On his dad’s side, he is the 11th Baldacci to attend the UMO. He loves to rattle off the names: Robert, Peter, Gerard, John, Joe, Lisa, Rosemary, Elise, Andrew, and Jack. Plus numerous cousins.

And now Teddy.

On his mom’s side, his great-grandfather, Edward Spalding, graduated in 1930 from the UMaine Forestry School. Teddy’s mom attended the University of Maine at Farmington. His grandmother – my late wife – graduated from the University of Southern Maine. Teddy’s cousin Hannah also graduated from USM, as did her mom. I worked there for a while. No doubt I’m forgetting others, but you get the picture.

So perhaps it was inevitable that we ended up moving him into a dorm room at UMO.

We got the job done, yakked for a while in his room, and soon it became clear that he was ready to get on with his adventure.

Without us. 

He’s an extremely loving young man – no text, phone call, or visit ever ends without an “I love you” – but on this day he was ready to enter another orbit a little farther out in our universe.

Ouch.

Meanwhile, another grandson has taken up his own inner orbit in my universe. At 7, Lewis is tentative and careful with his relationships. He kept me at arm’s length for a few years, but recently he let me in.

I think the fishing gear was the catalyst.

I have a new fly-fishing vest that he loves to wear even though it hangs to his ankles. He’s fascinated with every tool, every lure, every fly, every rod, and wants to know what each is named, what it does, and why. He empties the many pockets, studies everything intently, then puts it all back.

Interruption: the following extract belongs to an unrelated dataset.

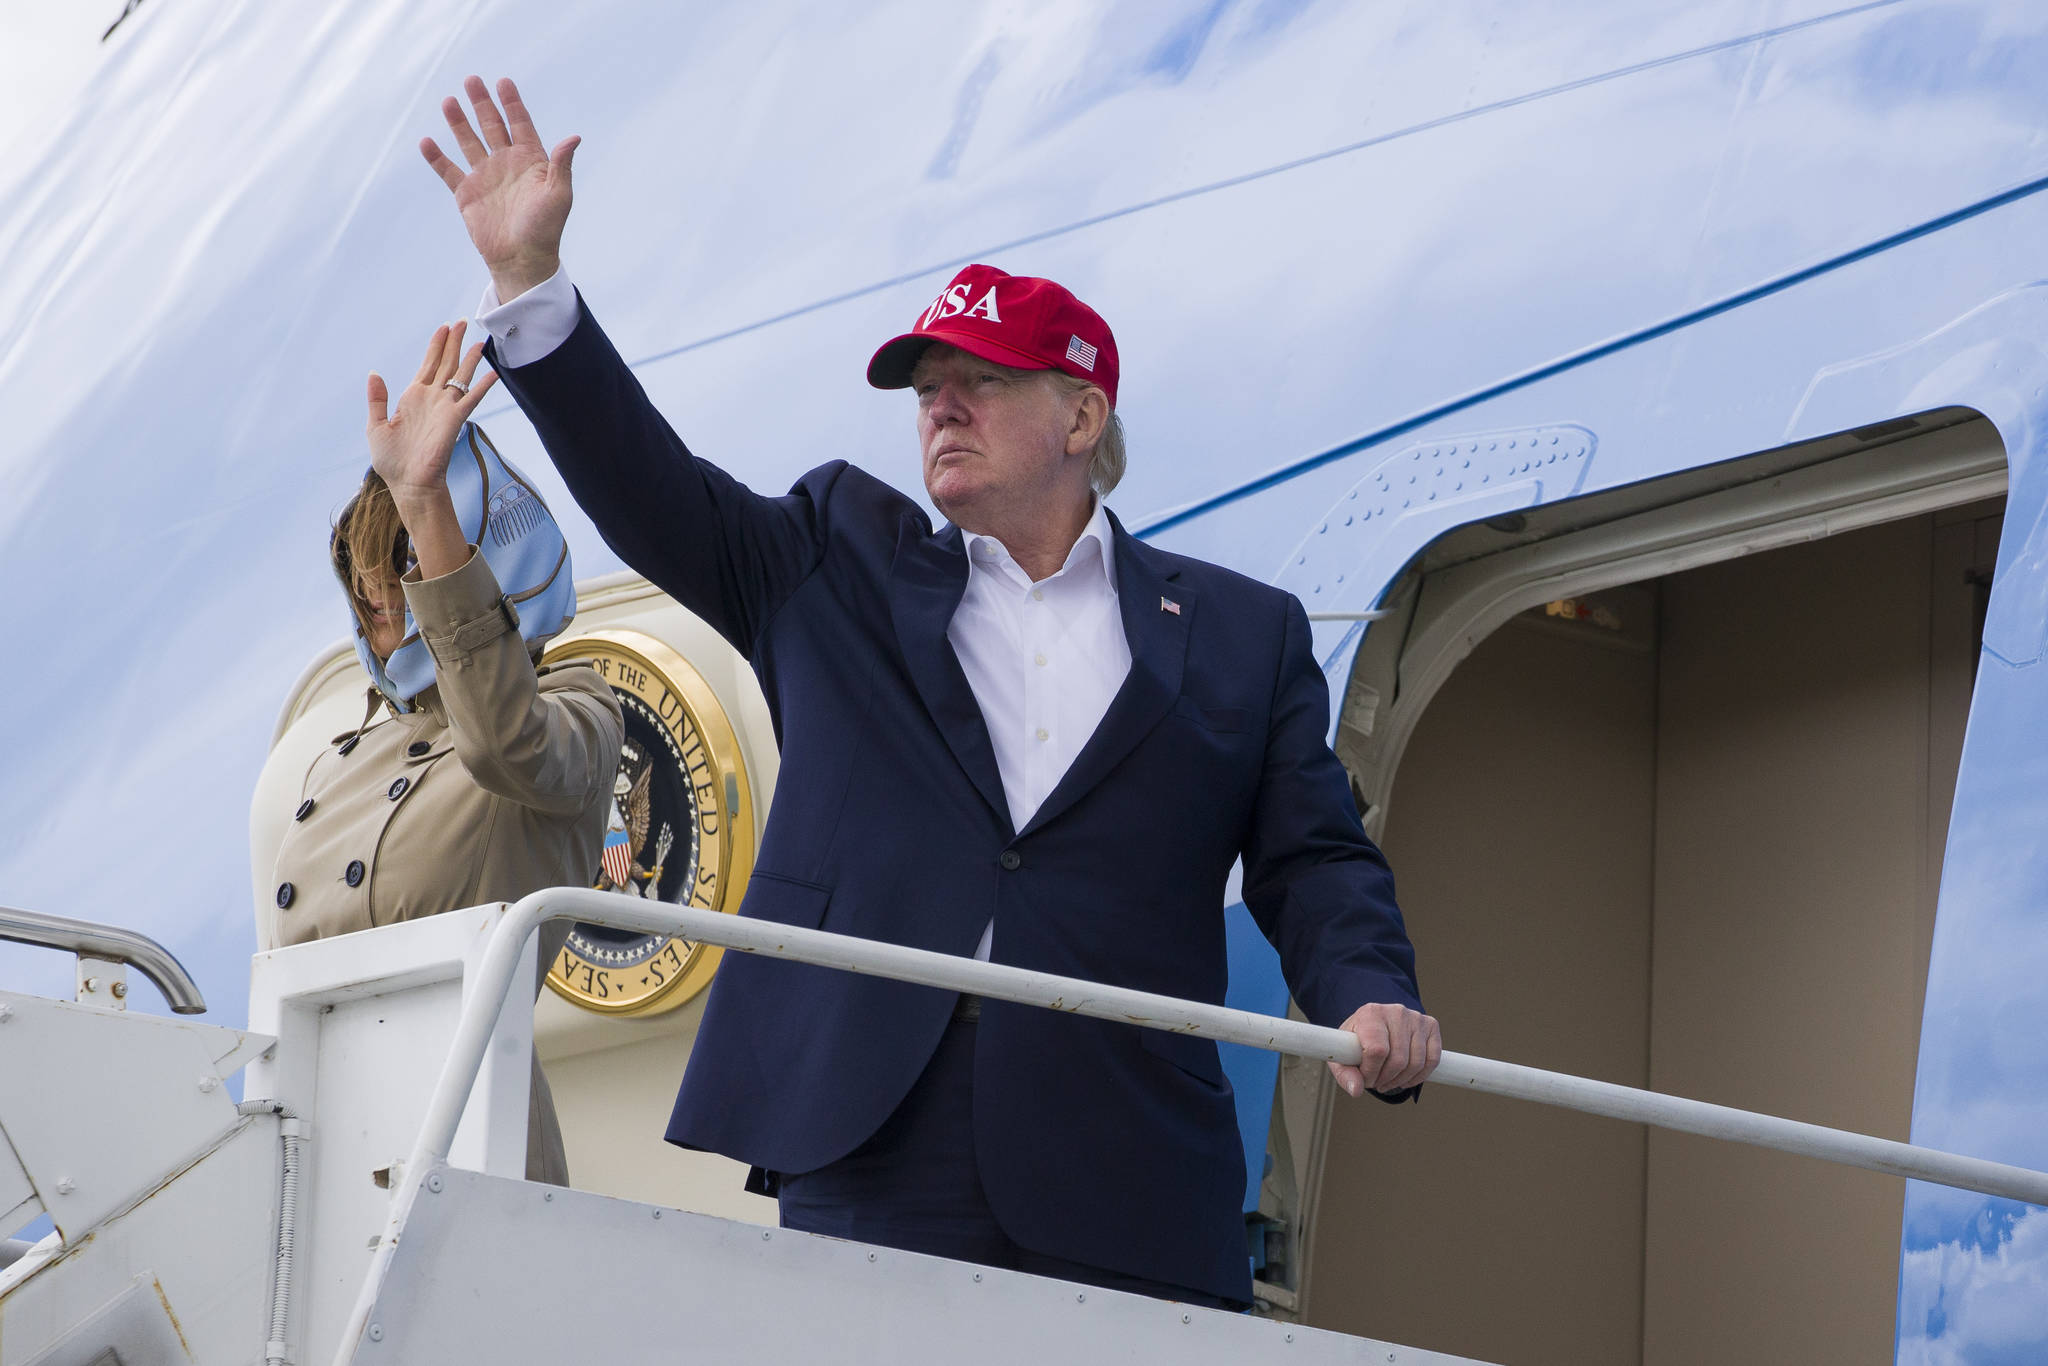 President Donald Trump, with first lady Melania Trump, waves as they depart Shannon Airport, Friday, June 7, 2019, in Shannon, Ireland. (AP Photo | Alex Brandon)

He even watches YouTube fishing shows. 

Last week he caught his first fish in Little Sebago. In a photo he is beaming, his grin splitting his freckled face. I wish I’d been there, but that was the day I went to Orono. Anyway, we’ve got plenty of time for that. We’re just getting started.

And so, to my delight, my universe expands. Orbits shift. Planets appear. Stars wink out. But, as John Lennon wrote years ago, one thing stays the same.

“Limitless undying love which shines around me like a million suns

“And calls me on and on across the universe.”

What a trip. On we go.

Andrew Marsters is an award-winning Maine journalist and former journalism instructor at the University of New Hampshire. He lives on Munjoy Hill.